Так, все крупные писатели, современные Горькому и Платонову, описывают ту же, что и они, «метель», «вьюгу», «бурю», социальное светопреставление: Пильняк, Бабель, Вс. Иванов, Булгаков… Но все они пишут, исходя из просветительского, культурного сознания. Бабель описывает чудовищные жестокости, но само присутствие рассказчика выдает иную точку отсчета: что-то из «Петербургского института права» и вообще контур «очкарика». И то же – интонации фольклориста, пытливого «социоиспытателя» – у Вс. Иванова. И то же – у Булгакова, просветителя, признающего революцию как историческую данность, как некий неизбежный отрезок пути России в историческом времени. Взгляд на «хаос и космос» – из «культуры».
Платонов – взгляд изнутри. Изнутри хаоса, творящего космос. Изнутри народа, в глубине бытия которого происходит взрыв энергии. Это то же самое, что, «находясь внутри костра», анализировать горящий хворост и тех, кто его подбрасывает, да еще пожалев их за «святую простоту». К этому достаточно известному сравнению Евгения Евтушенко я добавил бы только одно: святая простота – это качество души самого платоновского героя. Он и горит, он и хворост подбрасывает. Перед нами глубочайшее, архаичное, народное, апокалипсическое сознание, в котором ожидание Страшного Суда прямо совмещается с идеями научного управления миром, диктатуры пролетариата и волевой перековки нового человека.
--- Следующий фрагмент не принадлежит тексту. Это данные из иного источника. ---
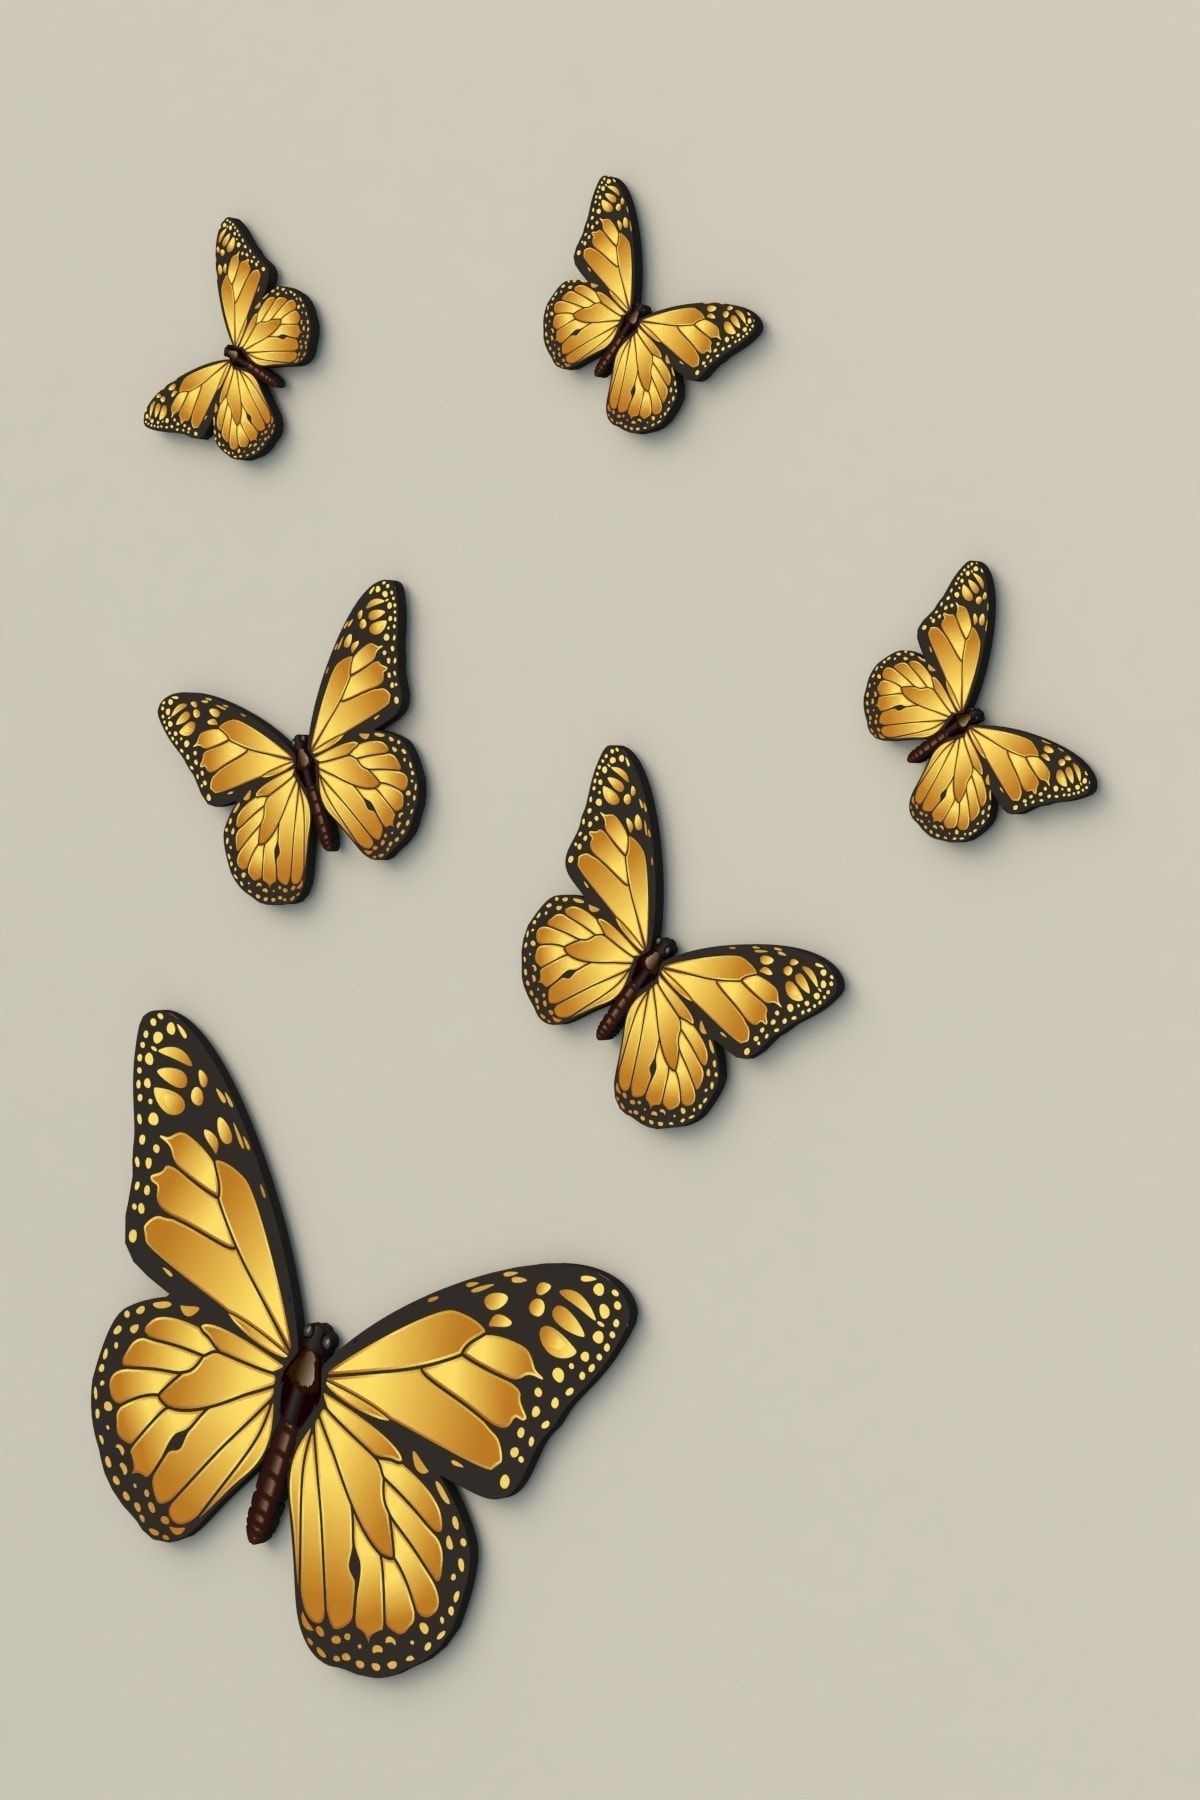 pi10reklam Dekoratif Ahşap 6lı Kelebek Duvar Süsü Altın

Эпохой раньше эту же ситуацию моделирует в контексте старой русской культуры Горький. При всем его благоговении перед культурой и просветительством – он так и не может вписаться в ряд классиков, которые, от Гоголя до Толстого, пытались вместить русскую драму в христианские культурные формы, или – беря то же сознание в альтернативном, от обратного, варианте – в формы атеистически-христианские, от Радищева до Герцена. Вспомним известную ленинскую метафору: есть чуткость предвестников бури, есть опыт штурманов, прокладывающих путь сквозь бурю, а есть логика самой бури.
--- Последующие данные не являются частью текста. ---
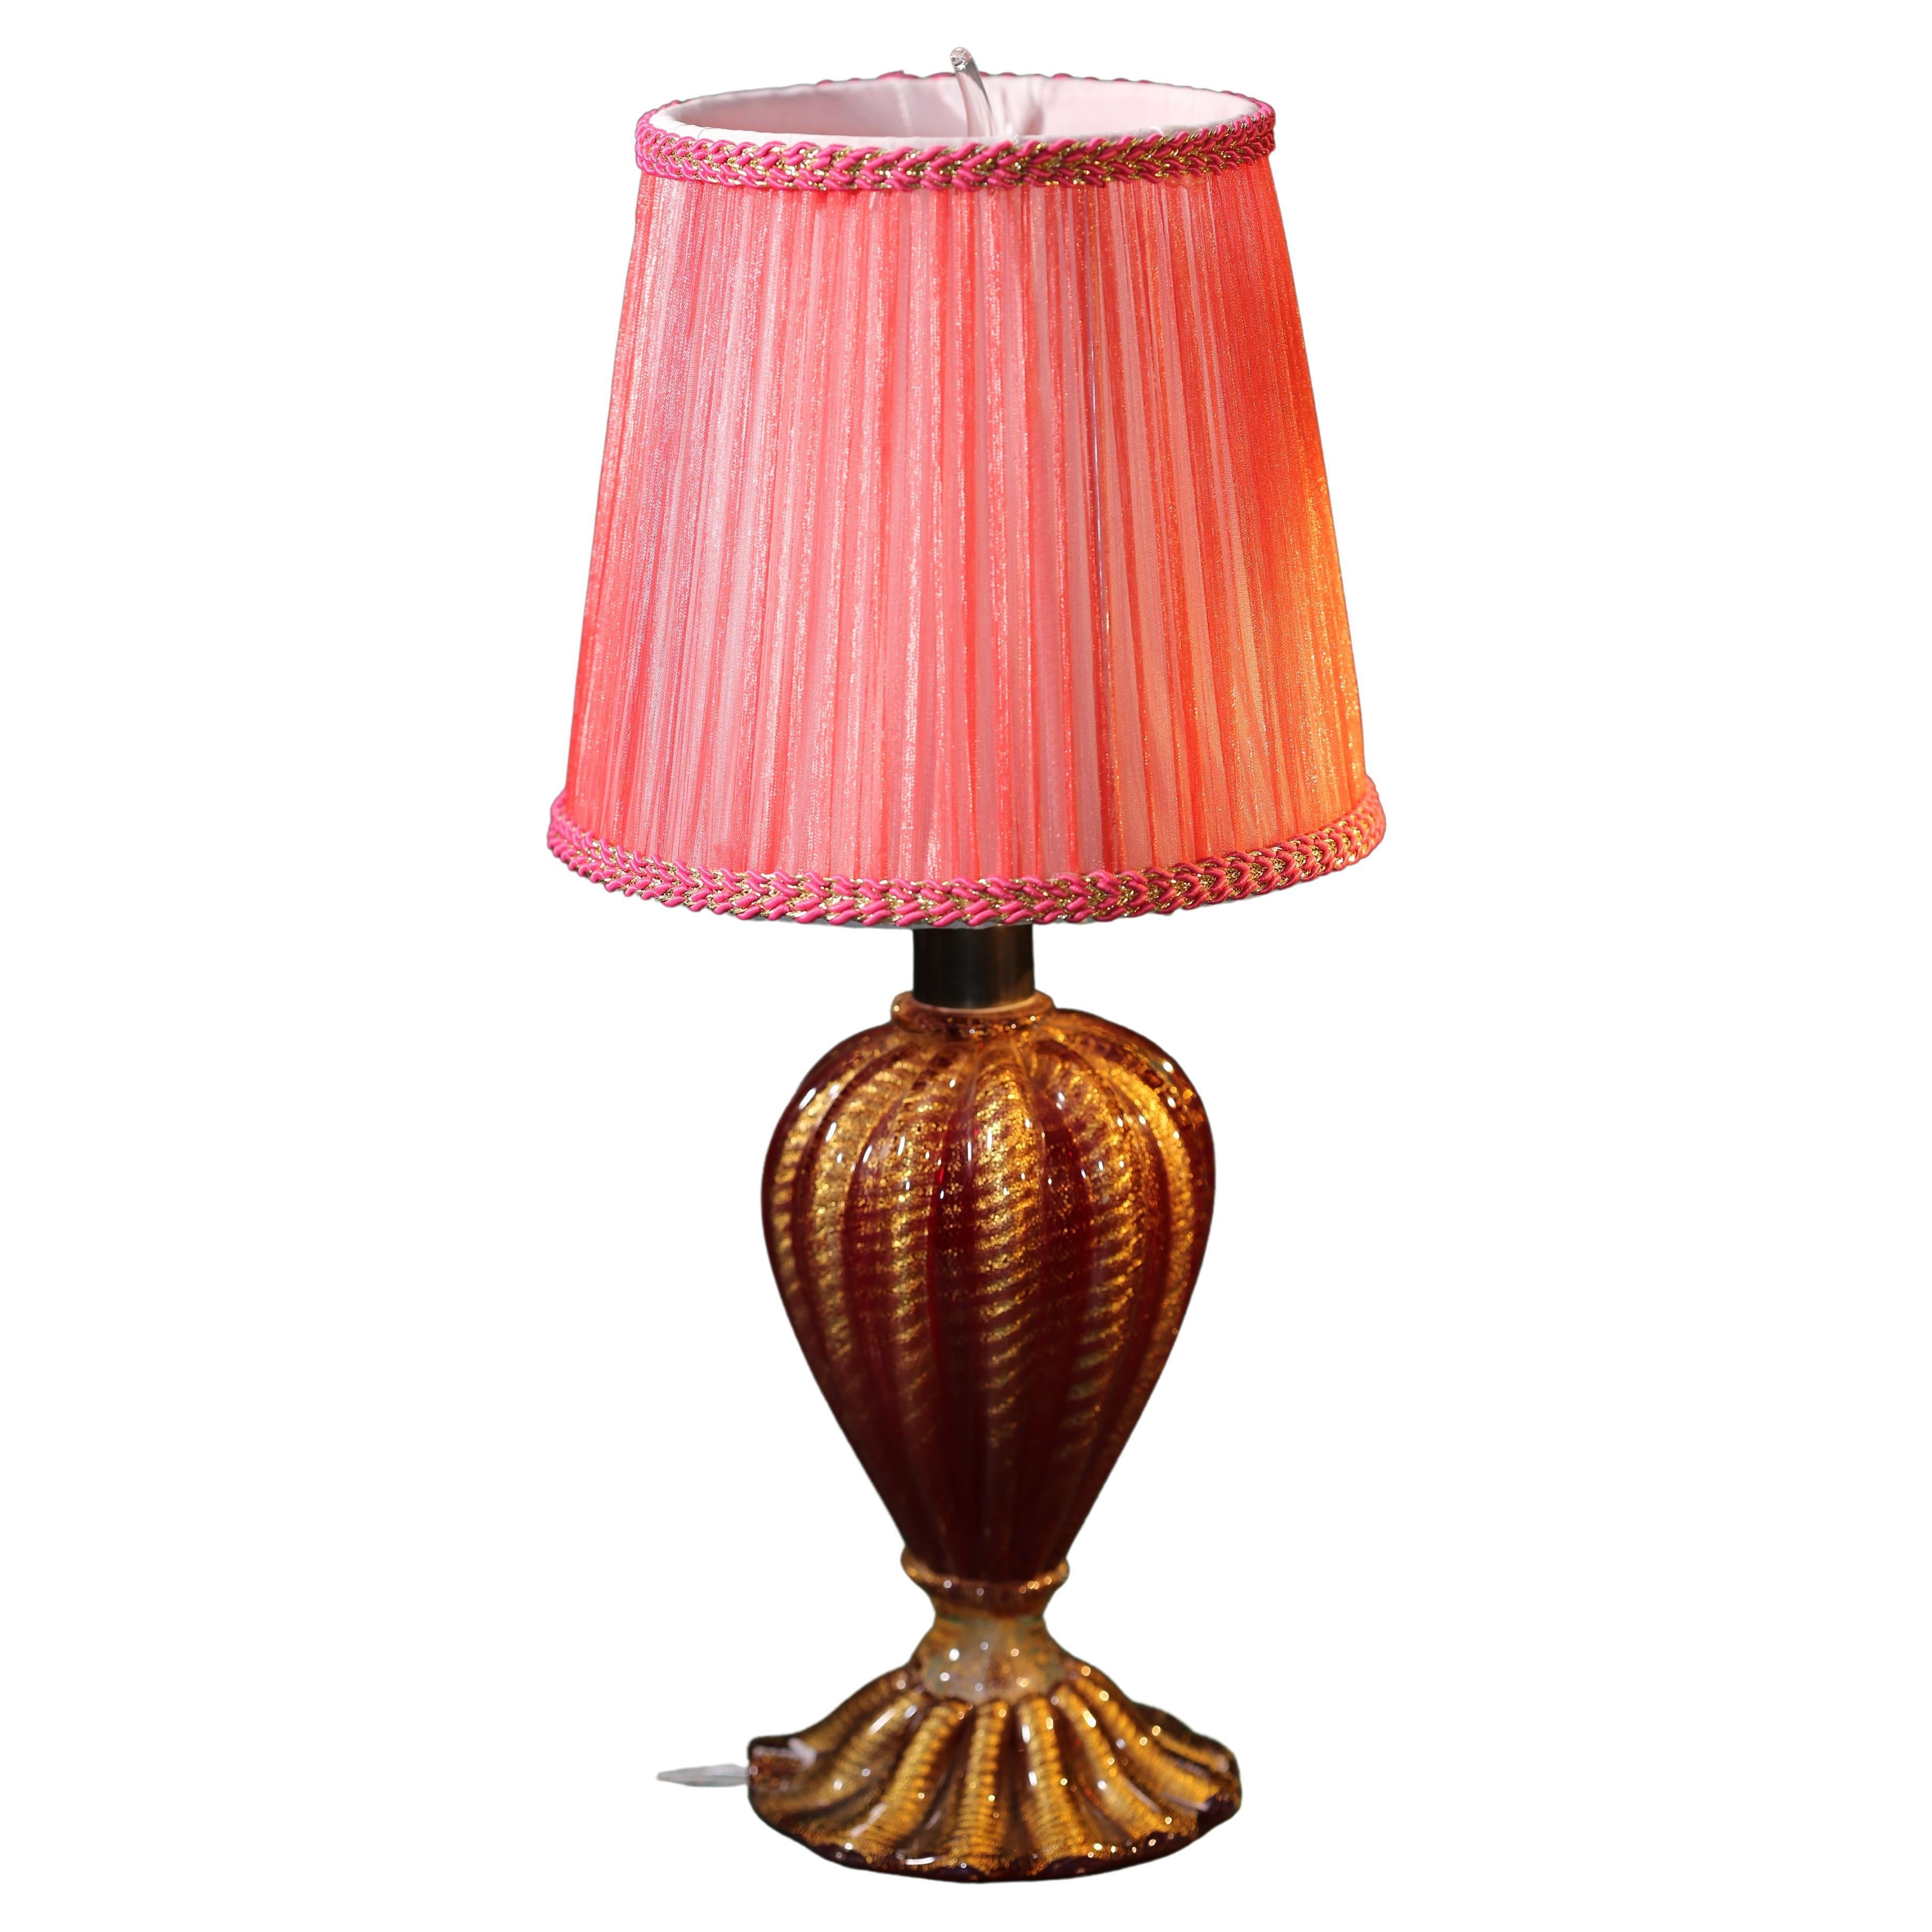 Early 20th Century Italian Murano Glass Art Lamp For Sale

Горький – логика самой бури. Как и Платонов. Это одна и та же катастрофа. В разных фазах.
Мы подходим к решающей точке нашего сопоставления. Горький и Платонов – выразители революционной драмы народа. Но они выразили разные этапы ее. И это, может быть, главный пункт, который объясняет внутреннюю необходимость их опыта в пределах своего времени. Они в разных точках одного витка: Горький – в точке подъема, на восходящей ветви, Платонов – в точке кризиса и внутреннего исчерпания.
Это не значит, что Горький, доживший до «съездов победителей» и ставший трубадуром «железной воли Иосифа Сталина», не пережил своей мучительной драмы, не увидел страшных сторон воцарившейся диктатуры. И увидел, и пережил. Вопрос вам, как пережил, какой смысл увидел в том, что произошло вокруг него и с ним. Никакой безоблачности: конец и у Горького трагичен. Суть в том, как мыслится свет и что такое безоблачность.
Горький не разуверился ни в первоначальной светлой идее, которая должна пересоздать ветхого человека и пережечь косную природу, ни в той воле, которая должна это обеспечить, для чего и таится она как спасительное начало в глубинах инертного мира. Горький мучительно разочаровывался только в тех социальных «объективациях», которые он избирал для этой воли и энергии. Не состоялись в качестве спасителей мира ни босяк, ни пролетарий; о крестьянине и речи не было. Самое большое разочарование постигло Горького с интеллигенцией, которая не выдержала роли, не удержала Россию. Платонов почувствовал в этой обманутой надежде Горького главную его драму и главную тяжбу с историей. Роллан почувствовал то же самое: главный герой позднего Горького, Самгин, – антигерой; какую поистине тотальную разочарованность надо прятать в душе, чтобы все силы угрохать в гигантское жизнеописание НЕЛЮБИМОГО героя. Да, Разум ошибся, Разум проиграл, Разум «осамгинился». Но то, что это Разум, а не безумие, – для Горького все-таки неоспоримо. Он – исповедник «восходящей ветви».
Платонов – исповедник Разума, закатывающегося в хаос и небытие. Путь Платонова – от космизма, от идеи полного «светопреставления», от веры в новое небо и новую землю – к ужасу опустошенности, к рассеянию скопленной энергии, к завороженному ощущению жизни как смерти и смерти как жизни. От героизма – к трагизму: между этими состояниями нет грани.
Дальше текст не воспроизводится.